• Dataset
-*-

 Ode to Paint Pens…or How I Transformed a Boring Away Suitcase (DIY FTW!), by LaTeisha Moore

-*-

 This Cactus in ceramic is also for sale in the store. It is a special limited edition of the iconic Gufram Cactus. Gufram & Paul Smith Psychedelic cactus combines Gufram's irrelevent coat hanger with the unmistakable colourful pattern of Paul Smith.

-*-

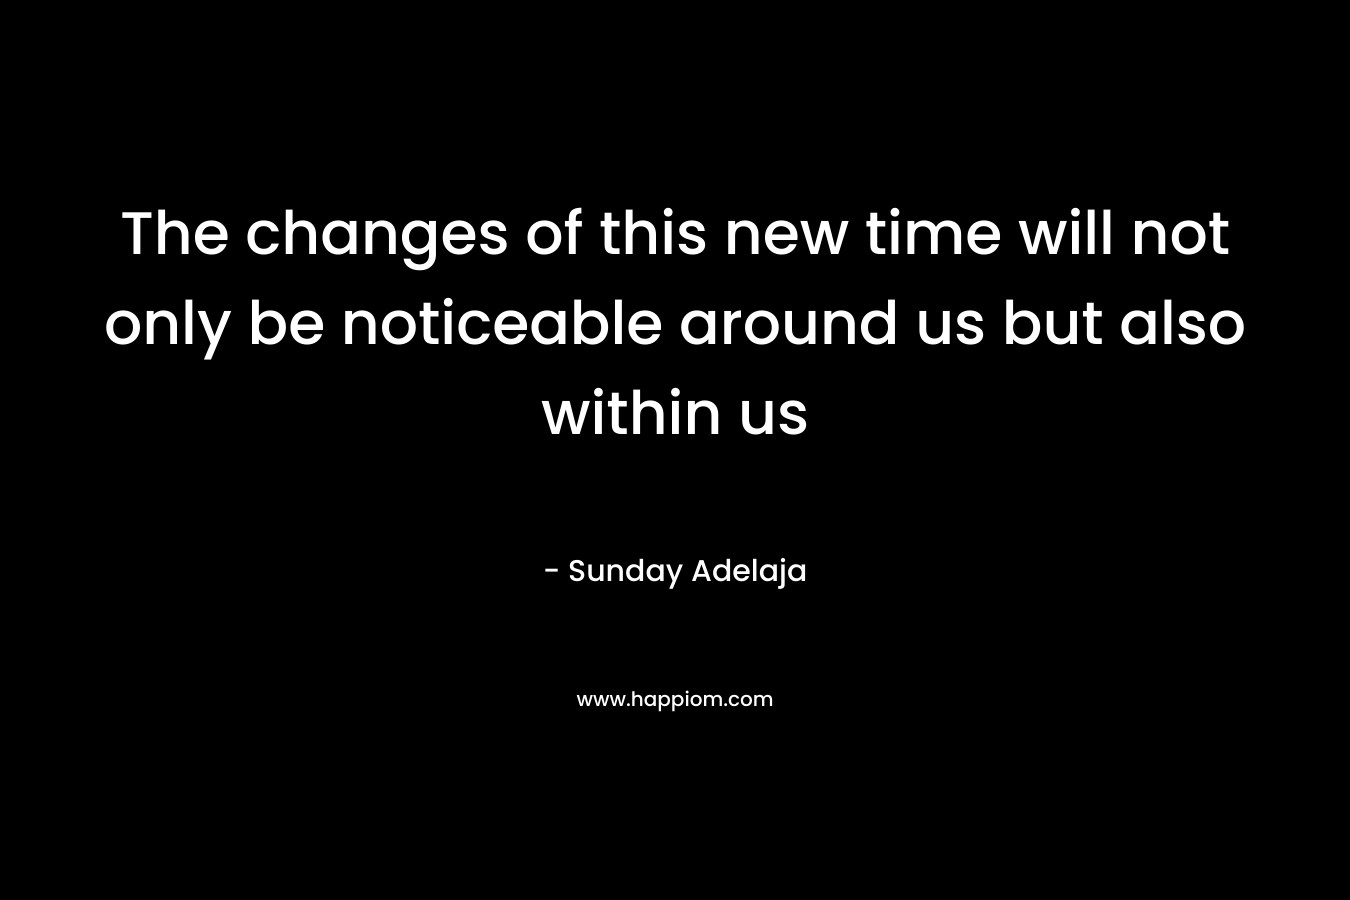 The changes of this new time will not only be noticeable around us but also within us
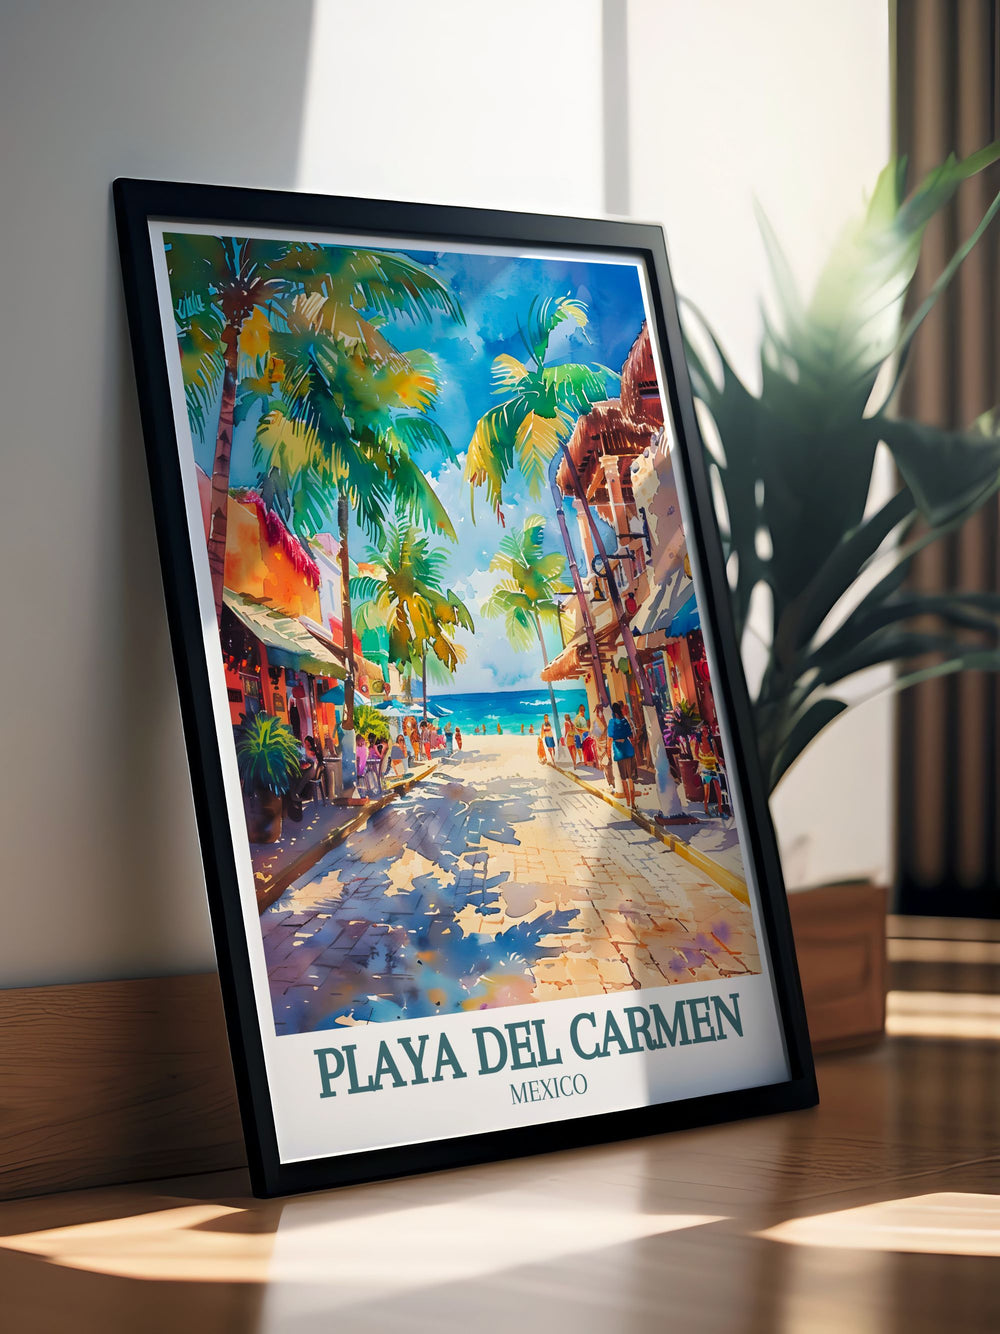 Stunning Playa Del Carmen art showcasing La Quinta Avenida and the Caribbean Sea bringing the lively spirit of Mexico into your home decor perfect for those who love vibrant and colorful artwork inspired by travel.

-*-

• What the exercise asks
From the records above, return exactly the lines running from the one that contains "The changes of" down to the one that contains "Stunning Playa Del", both included, without any pictures.

• Answer space
 The changes of this new time will not only be noticeable around us but also within us
 Stunning Playa Del Carmen art showcasing La Quinta Avenida and the Caribbean Sea bringing the lively spirit of Mexico into your home decor perfect for those who love vibrant and colorful artwork inspired by travel.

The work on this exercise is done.